# Importing house hold items



## cedricp (Apr 30, 2012)

Hi there, we are from Europe, working for an international Institution. We bought a plot in Western Cape a couple of years ago we are building our house this year as we will be retiring there in 2015. We will only apply for retiring visa few months before retirement. We wanted to send our household items from France to get the house ready for when we will be coming during holidays next year. We have been told that we have to pay taxes on our items (mostly furniture) as we do not have yet temporary residency. Any advise how best to proceed ?thanks


----------



## Johanna (Apr 13, 2009)

cedricp said:


> Hi there, we are from Europe, working for an international Institution. We bought a plot in Western Cape a couple of years ago we are building our house this year as we will be retiring there in 2015. We will only apply for retiring visa few months before retirement. We wanted to send our household items from France to get the house ready for when we will be coming during holidays next year. We have been told that we have to pay taxes on our items (mostly furniture) as we do not have yet temporary residency. Any advise how best to proceed ?thanks



Not necessarily.
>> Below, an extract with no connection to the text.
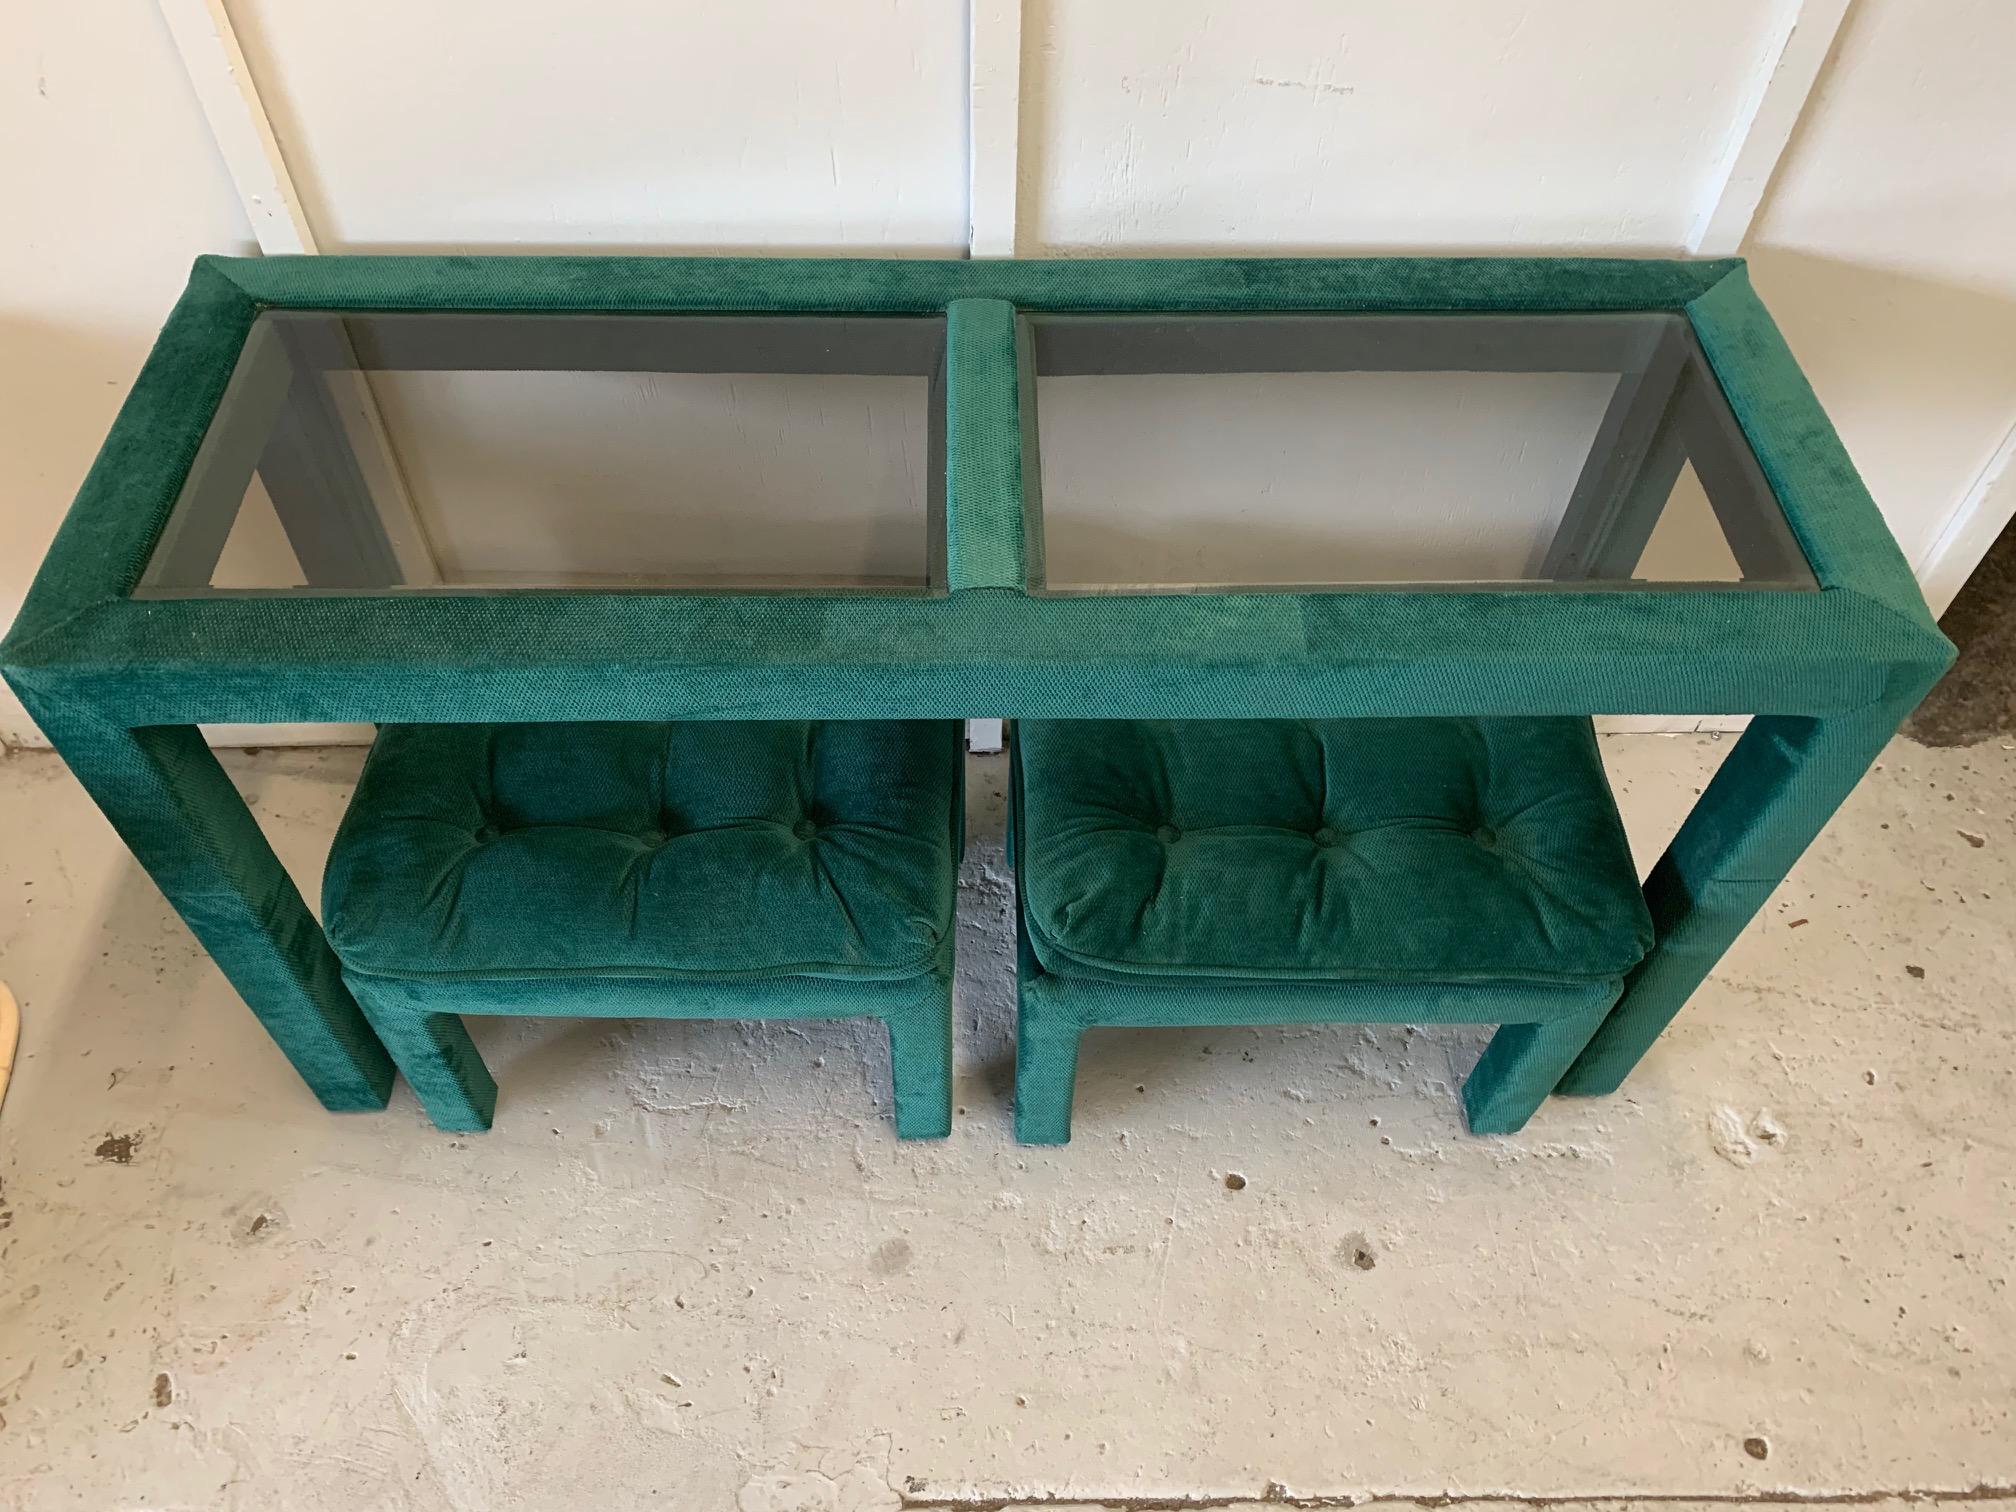 Unique upholstered console table features glass inserts and matching upholstered foot stools. Stools can be used as ottomans or benches as well. Very good condition with only very minor imperfections consistent with age.  T7878

Unless everything is brand new and still in the box, quiestions may be asked, we brought a brand new TV and dvd recorder back from the UK, no questions asked.

Customs did not even look at our container, the only thing that bothered them was the car we took from SA to the UK and brought back to SA!

Yip, still driving the same car, hardly ever used one of our cars in the UK, so we now have a "new" old car!


----------